Welcome to Hadenville
Bass is the Place
The inimitable bassist Charlie Haden defied one of the basic principles of jazz. Spontaneity is the handmaiden of improvisation, the in-the-moment inventiveness that remains a cornerstone of the music. Haden was indeed a great improviser, a player committed to making it ever new. Yet few master jazz musicians have ever been as deliberate as Haden. Each note he painstakingly extracted from his instrument, each chiseled phrase he constructed, sounded as if it were released only after considerable consideration. Paradoxically, Haden was able to make this exceedingly intentional music sound freshly minted and spontaneously expressed.
This delicate balance came with specific rules. When Haden soloed, a listener was immediately ushered into “Hadenville,” a musical realm where things progressed according to the bassists’s personal sense of time and space. Here, there was no concept of technique for its own sake.
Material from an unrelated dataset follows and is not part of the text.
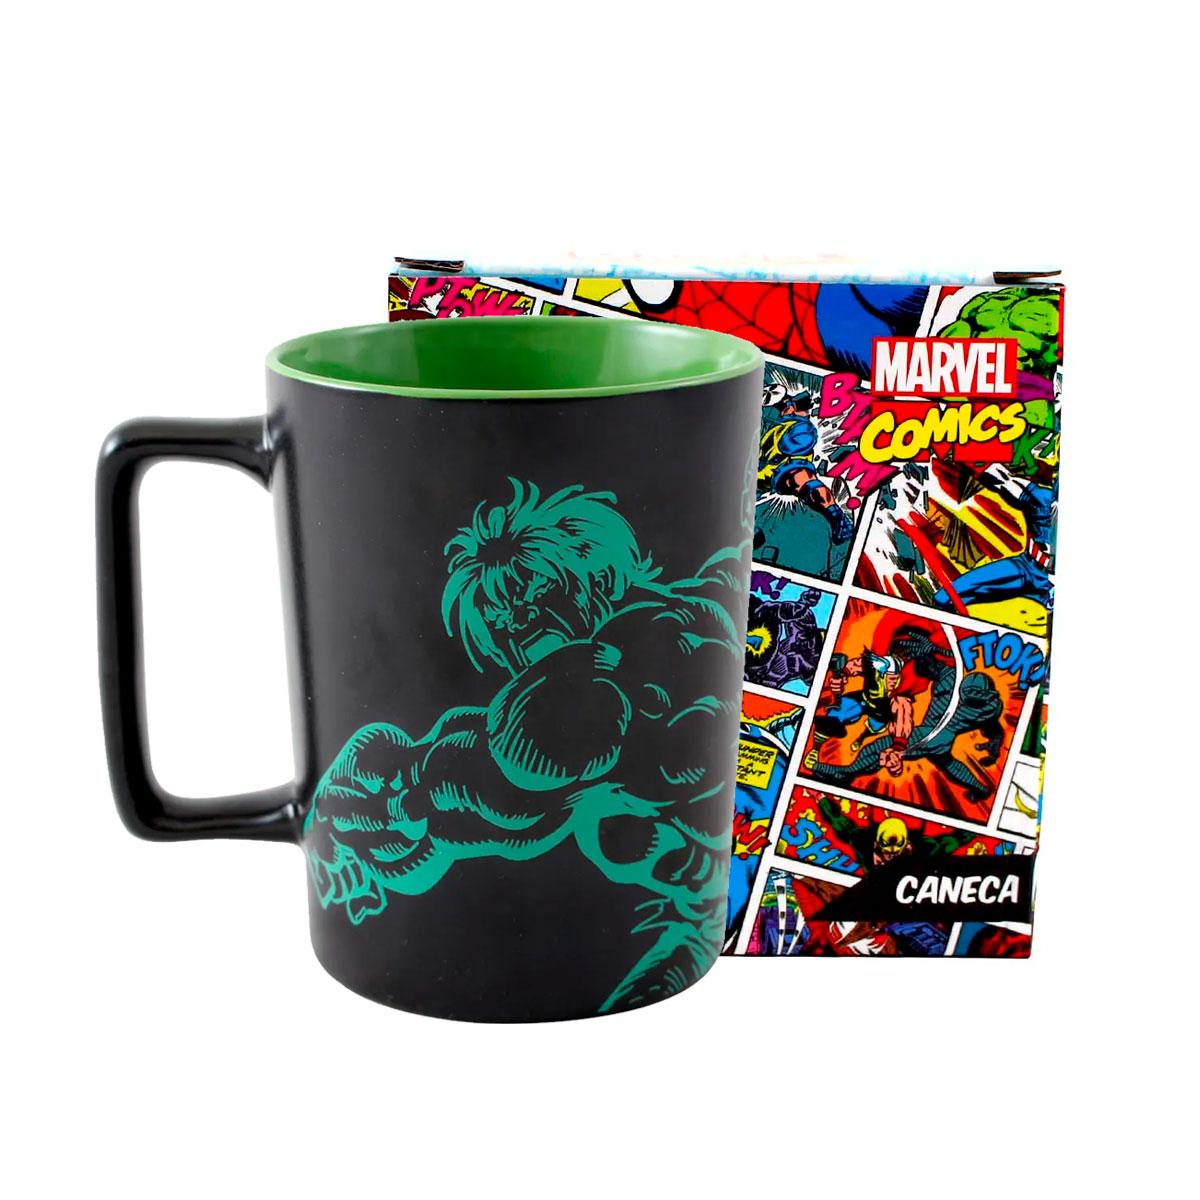 Caneca Alça Quadrada 500 ml Hulk Marvel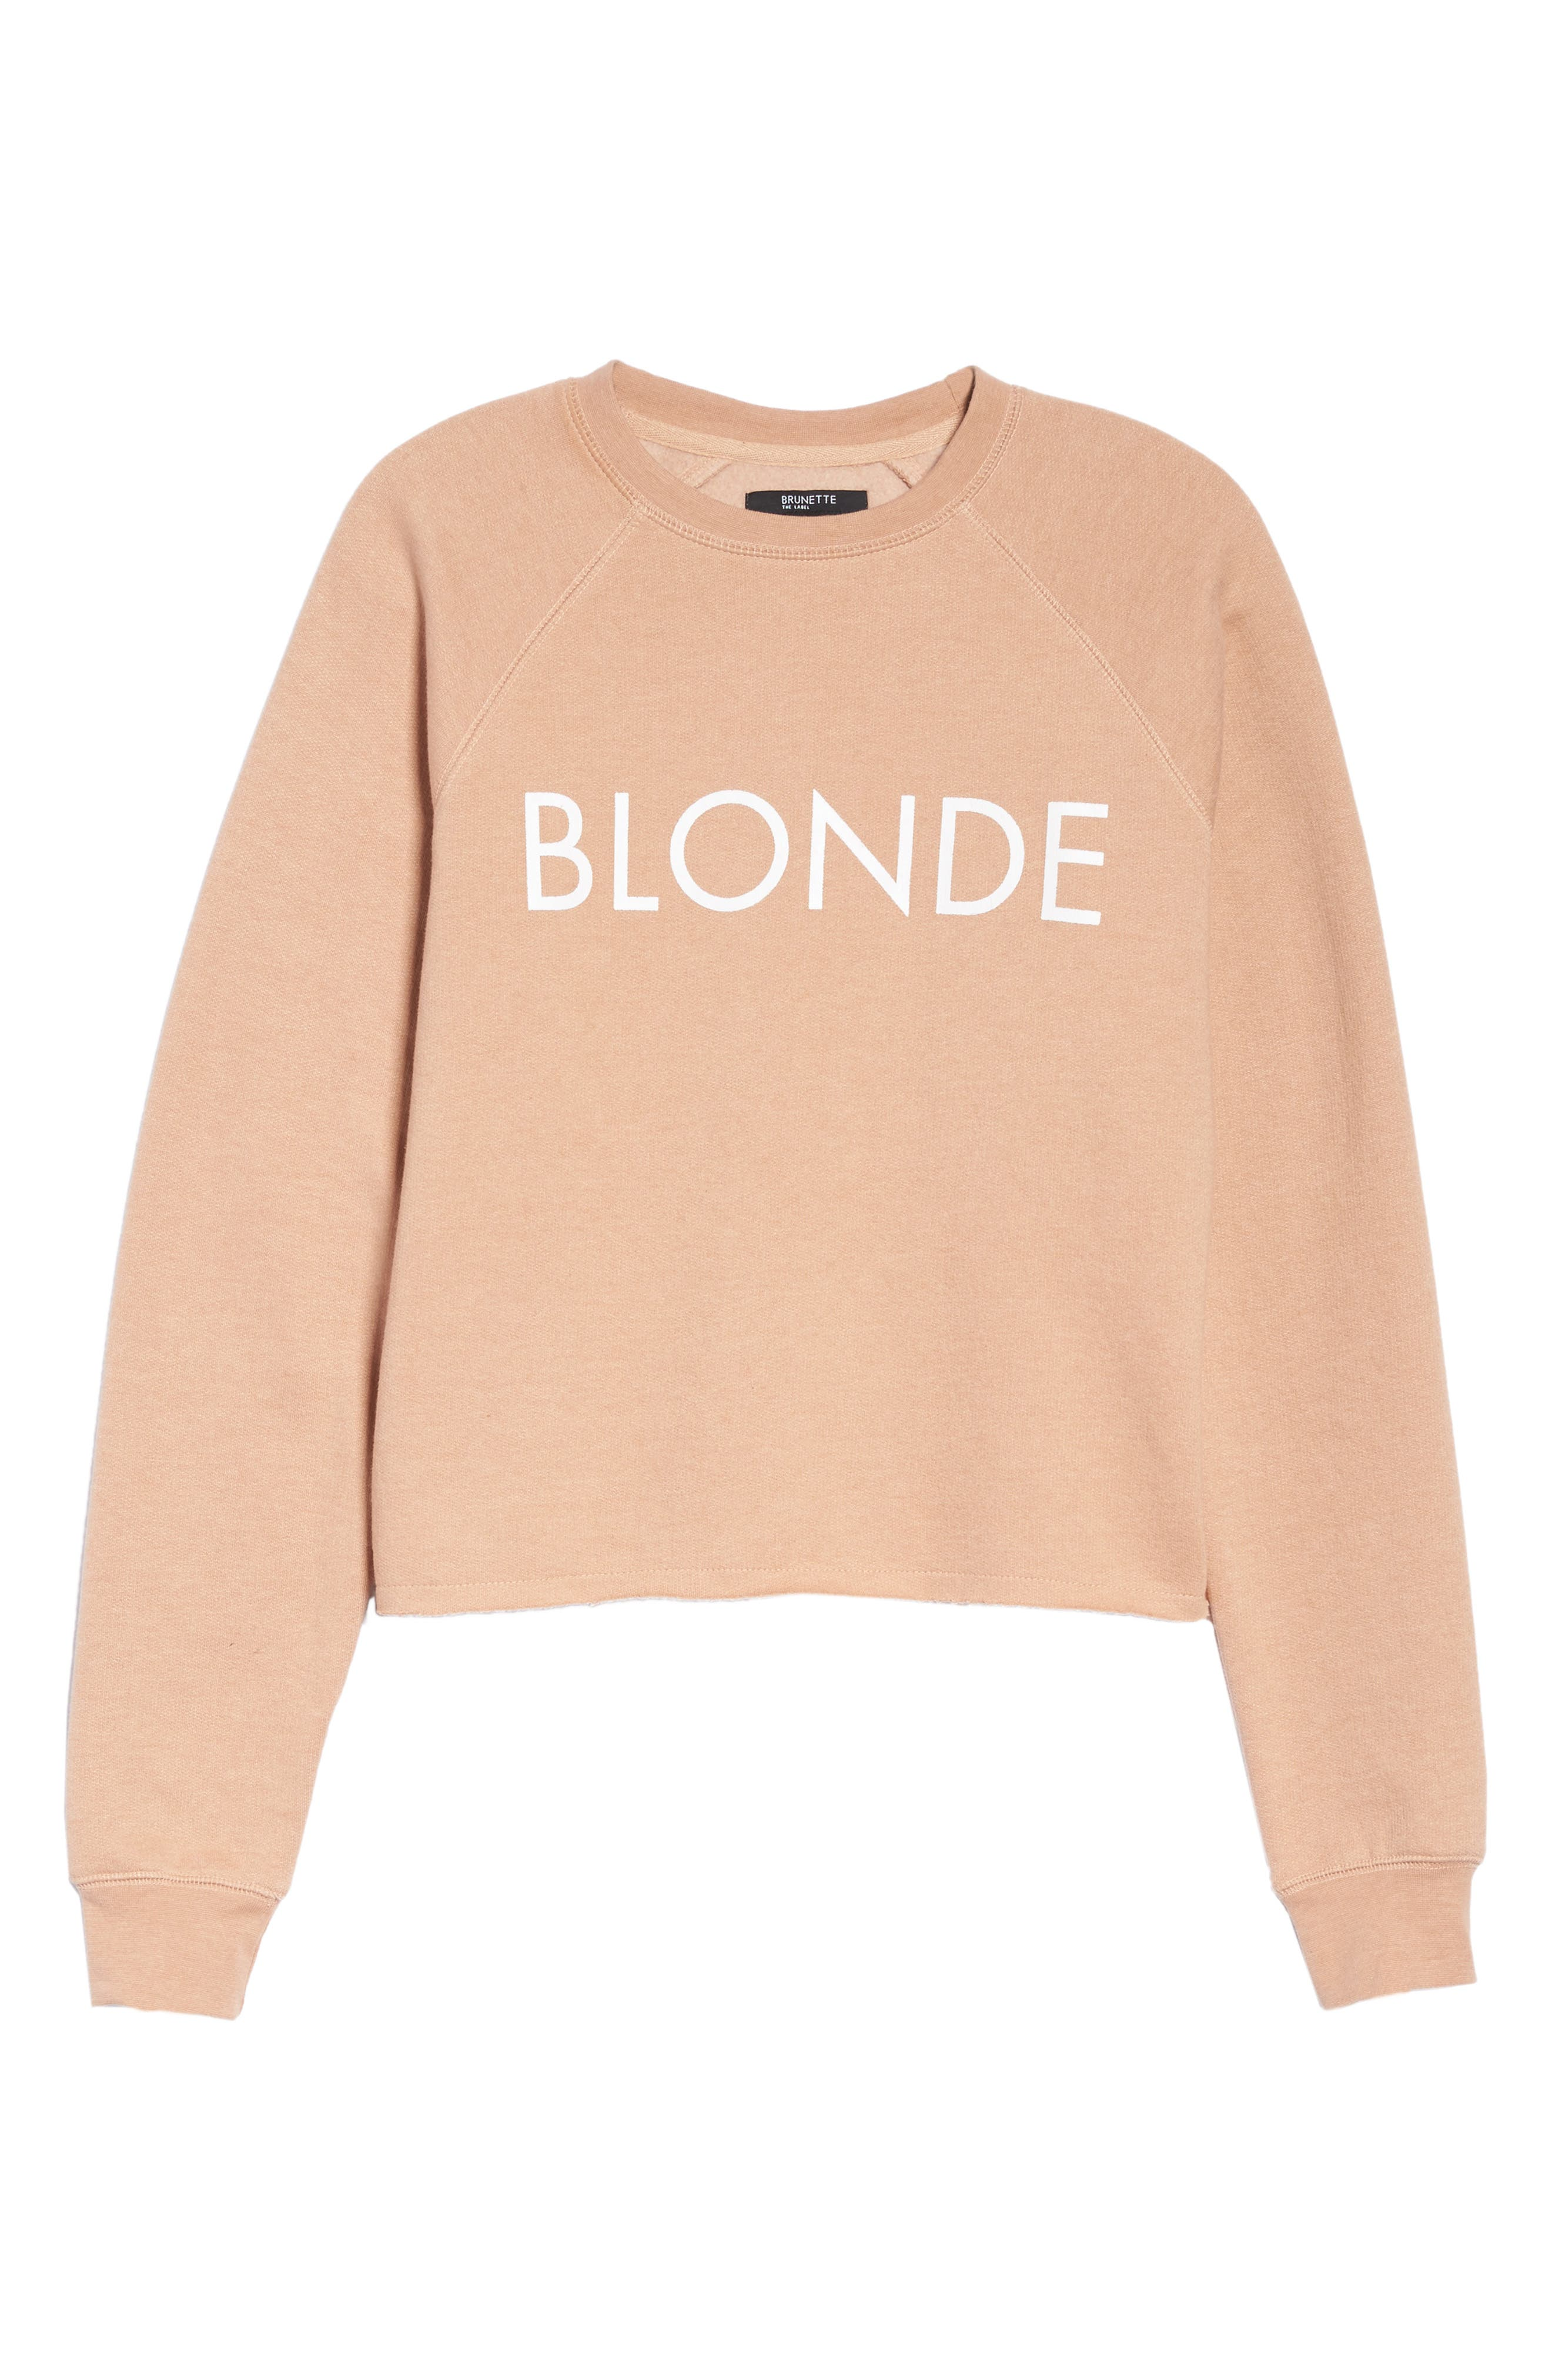 Middle Sister Blonde Sweatshirt,                             Alternate thumbnail 4, color,                             Beige

When you dealt with Haden, technique as we generally understand it — instrumental flexibility, rapidity of notes, seamless delivery, and so forth — was left on the porch. Ideas replaced flash of any kind; expressivity, the tonal value of each deeply intoned note became paramount.
You can clearly hear this deliberate/spontaneous weave during Haden’s extended improvisation on “Malkauns” from trumpeter Don Cherry’s 1975 album Brown Rice. (The album’s title was changed to Don Cherry in 1976.) For the first four and a half minutes of the performance (I can’t label it a song; if there is a discernible melody, I can’t pin it down), Haden holds the spotlight, accompanied by the drone of Moki Cherry’s tamboura. Don Cherry and the drummer, Billy Higgins, then join Haden, making it, in effect, a reunion of the original 1959 Ornette Coleman quartet minus the iconic saxophonist. To my ears it sounds as if this vibrant group improvisation were grafted onto Haden’s solo track, especially as the performance morphs back to Haden’s statement after the trio improvisation ends. It’s expertly done and extremely satisfying, no matter any studio wizardry. And let’s acknowledge Cherry’s admiration and respect for Haden, granting him the spotlight for so great a portion of the piece.
Haden, Cherry and Higgins were blood-brother collaborators, and I hope to write more about their profound unity in the future. For now, let “Malkauns” stand as a tribute to the monarch of Hadenville.

"a musical realm where things progressed according to the bassists’s personal sense of time and space" - yeah. Well said.